SwirlyMyself

2007-03-26T15:43:10+00:00

Debian Ideas: Instance-Capable Init Scripts

Debian as a Linux distrubtion is all about integration and ease of management, which includes init-scripts. I’d like to propose a feature that might be helpful to quite a few system administrators while being non-disruptive to all others.

For a lot of daemons there are use-cases that require more than one instance of the daemon to be running. With instance I mean a separate process with it’s own configuration files, but on the same system, which rules out virtualisation or changeroots. Examples are copies of the “main server” running on a different port, to test new settings, different servers on different IPs, a HTTP-Server-Split into a slick static-and-proxying server and a heavy backend server, a mail server split with a virus scanner in between etc.

So as an administrator I currently not only have to write the configuration for the additional instances, but also write my own init scripts and modify them, never being sure if I did it good or whether it will cause problems on package upgrade or similar things. I’d rather see the functionality built-in to the package’s init script directly.

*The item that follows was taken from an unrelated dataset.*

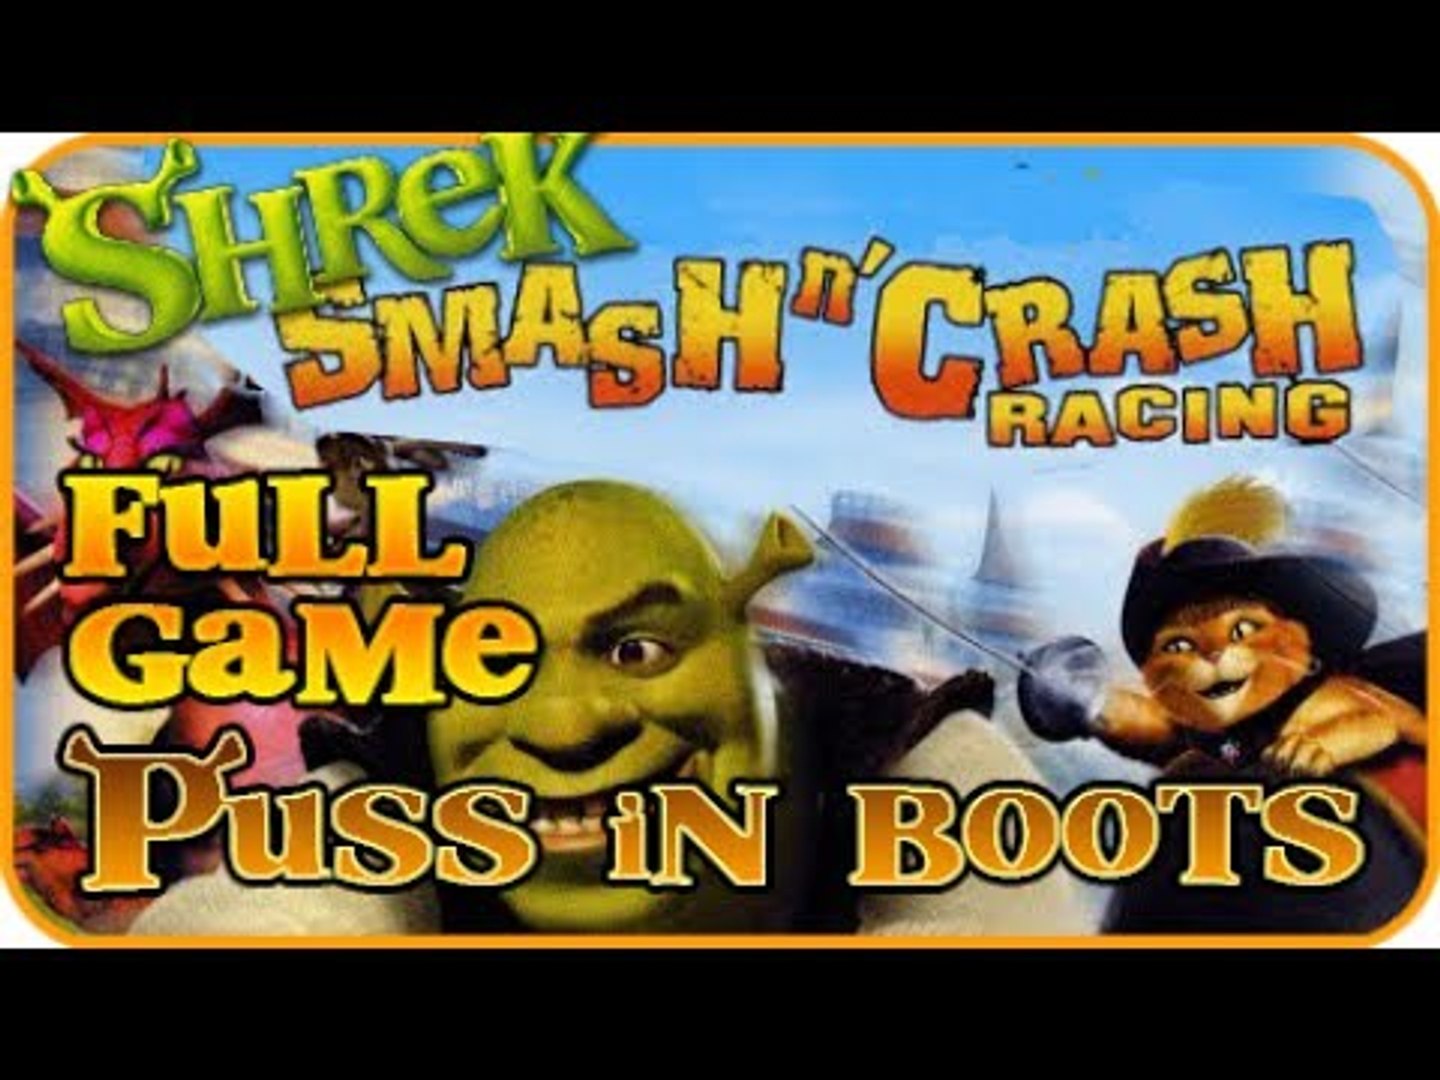 Shrek Smash N Crash - Gamecube

There is a package in Debian that already provides this: The OpenVPN package maintained by Alberto Gonzalez Iniesta allows the user to define new instances of OpenVPN simply by adding a new file to /etc/openvpn/. The file /etc/default/openvpn defines which of these instances are to be started when I or the system start runs /etc/init.d/openvpn start. /etc/init.d/openvpn stop stops all running instances and /etc/init.d/openvpn restart also restarts just the currently running servers. I can easily control a specific instance by adding it’s name (which is the configuration file’s basename) after the command to the init script.

I think these semantics are clear, sensible and non-disruptive and should be available with every Debian package where the administrator might want to run several instances at once: web server, mail server, ftp servers, name servers etc.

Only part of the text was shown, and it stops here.